JEAN-BAPTISTE-CAMILLE COROT
Paris 1796 - 1875 Ville d’Avray
Born into a Parisian merchant’s family, Jean-Baptiste-Camille Corot renounced his commercial heritage in order to pursue his vocation as a painter. Despite his family’s opposition, he received an allowance from his father that enabled him to study first with Michallon, and then with Bertin, both neo-classical landscape painters.
In 1825 Corot made his first visit to Italy. During the three years he spent there he painted many of his most spontaneous plein air masterpieces, remarkable for their fidelity to nature, a classical concern with form and the precise observation of tonal values. In 1834 and 1843, he made two more visits to Italy, painting in Rome, Florence and Venice.

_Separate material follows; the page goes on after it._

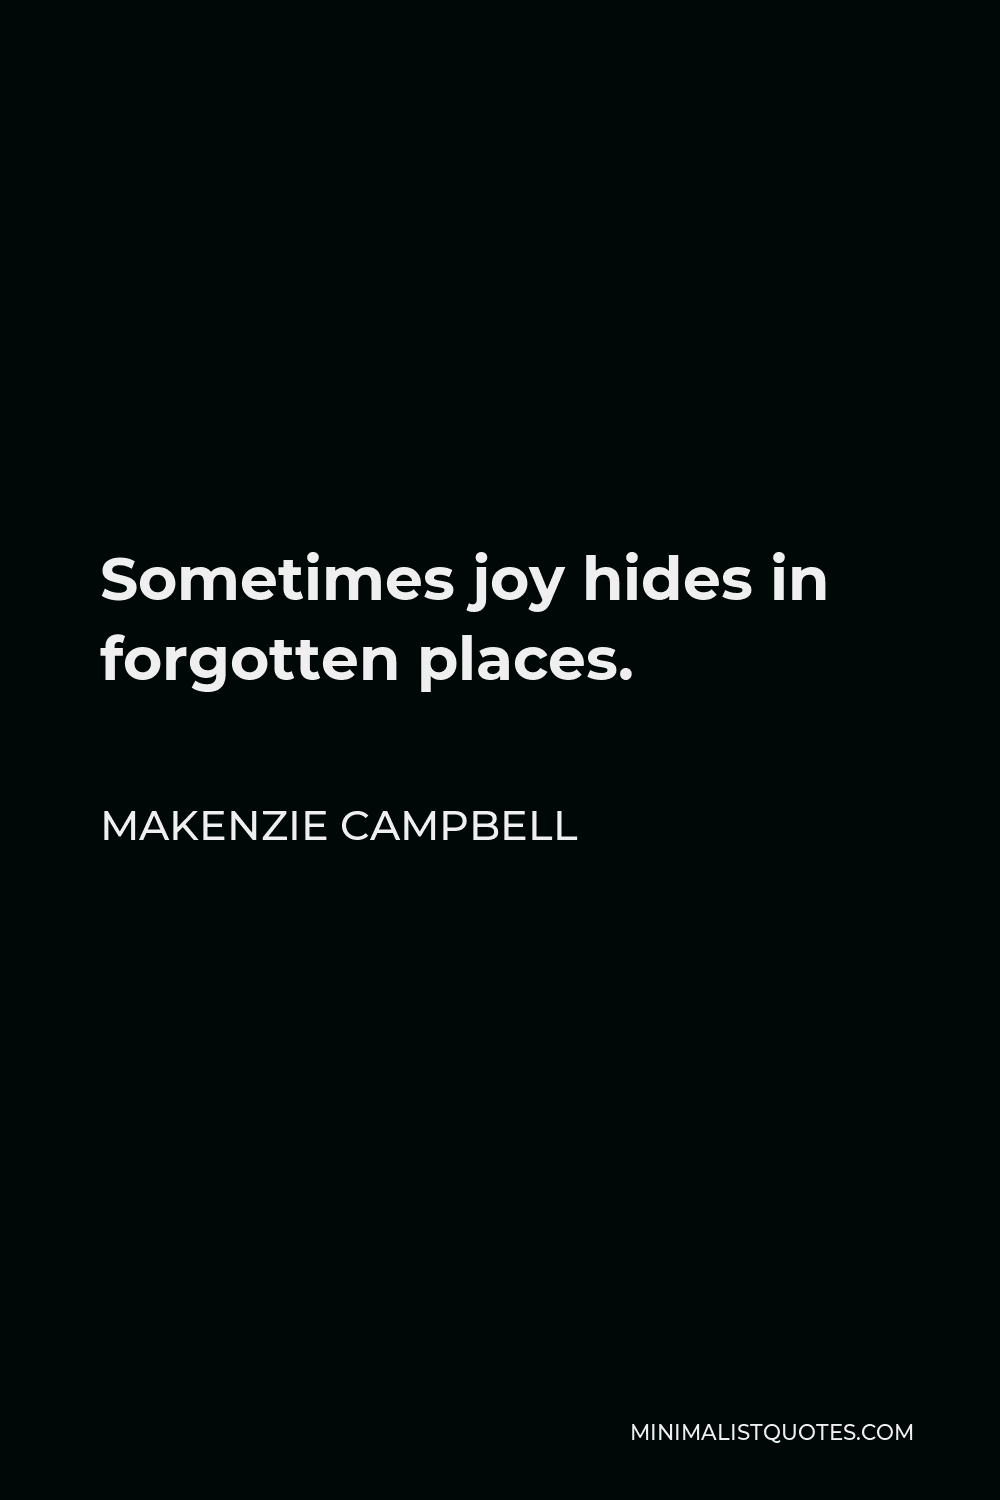 Makenzie Campbell Quote - Sometimes joy hides in forgotten places.
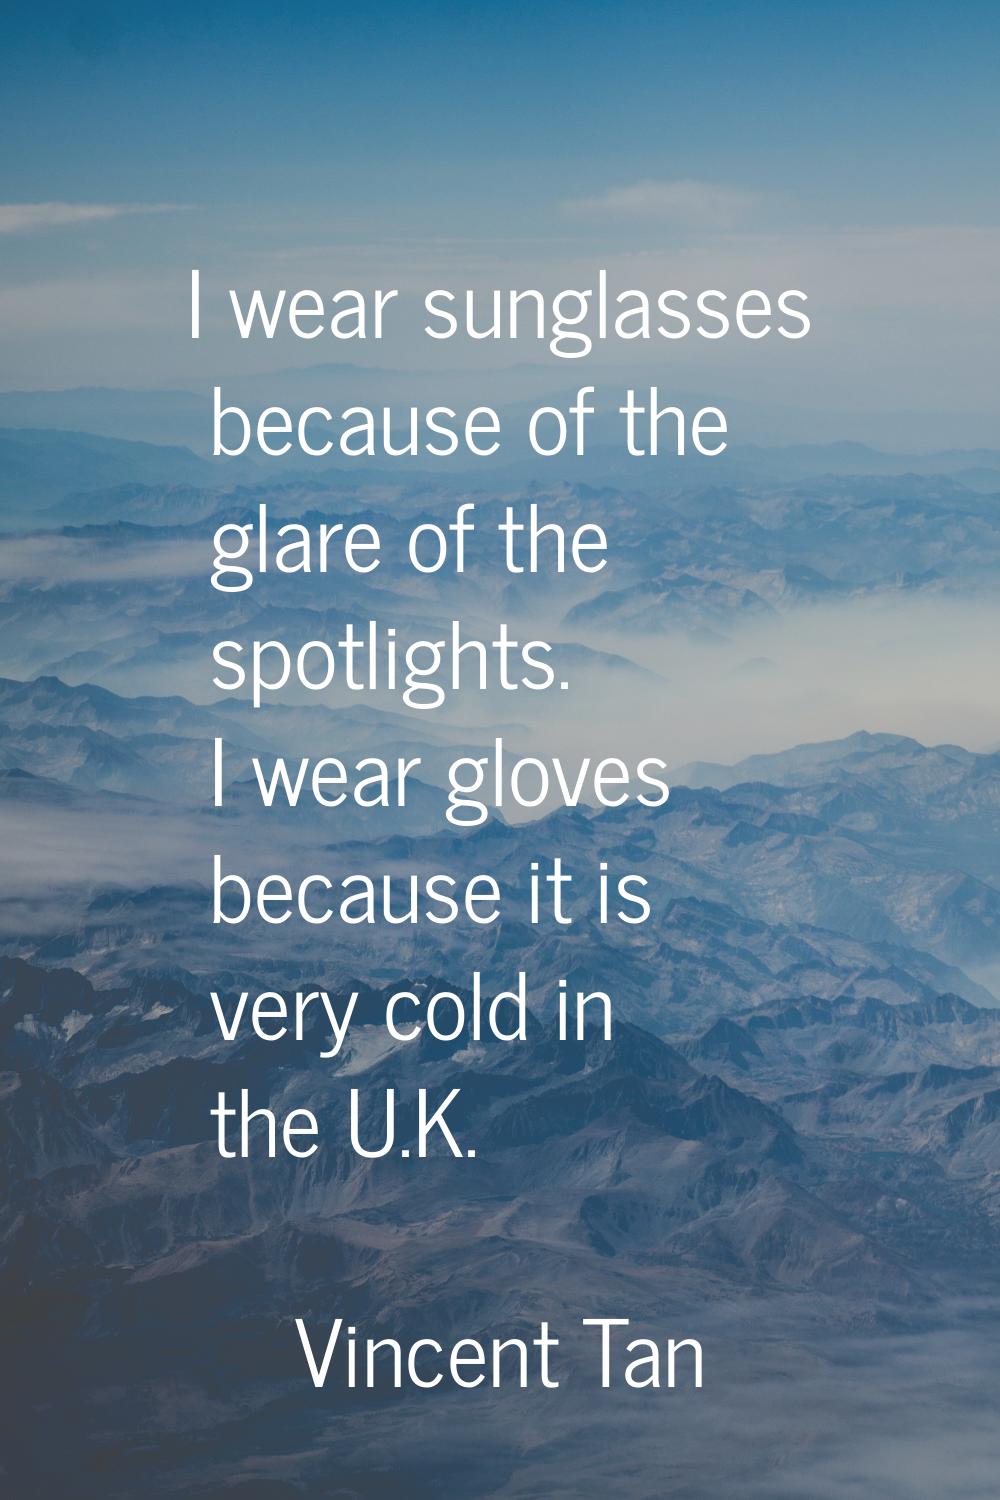 I wear sunglasses because of the glare of the spotlights. I wear gloves because it is very cold in

Corot also painted more academic and finished works which he considered more suitable for the Paris Salon, where he exhibited from 1827. He received a second-class medal at the Salon in 1833 and was awarded the Légion d’Honneur in 1846. During the 1830s, Corot was influenced by Dutch seventeenth century artists, especially Jacob van Ruisdael. Apart from this Dutch phase, however, his paintings tended to convey a more idealised concept of nature, expressed in a Claudian vein, which often included literary, allegorical or mythological subjects.
Corot travelled extensively throughout France, painting along the Channel coast and in Fontainebleau. His most cherished spot was at Ville d’Avray near Versailles, where his parents had purchased a villa amidst a landscape that was of particular aesthetic appeal. He visited Holland in 1854 and England in 1862.
Corot’s increasingly idealised concept of landscape resulted in the all-pervasive lyricism that characterised his late work. He entitled these paintings souvenirs, which were essentially nostalgic distillations of his visual experience, admired for their delicate, dreamlike quality. In 1856 Corot wrote: ‘Beauty in art consists of a truthfulness in the impression we have received from an aspect of nature... the real is one part of art; the sentiment completes it’. It was the diaphanous, twilight effects of his paintings that epitomized such sentiment and greatly appealed to the prevalent neo-Rococo taste.
From the late 1840s, Corot became acquainted with the Barbizon painters, particularly Daubigny, Millet and Rousseau, with whom he painted and studied the new art of photography. His interest in naturalism and an unerring fidelity to his own personal vision earned him the esteem of many younger artists, including Harpignies, Lépine and Pissarro; it was they who named him with reverence Père Corot.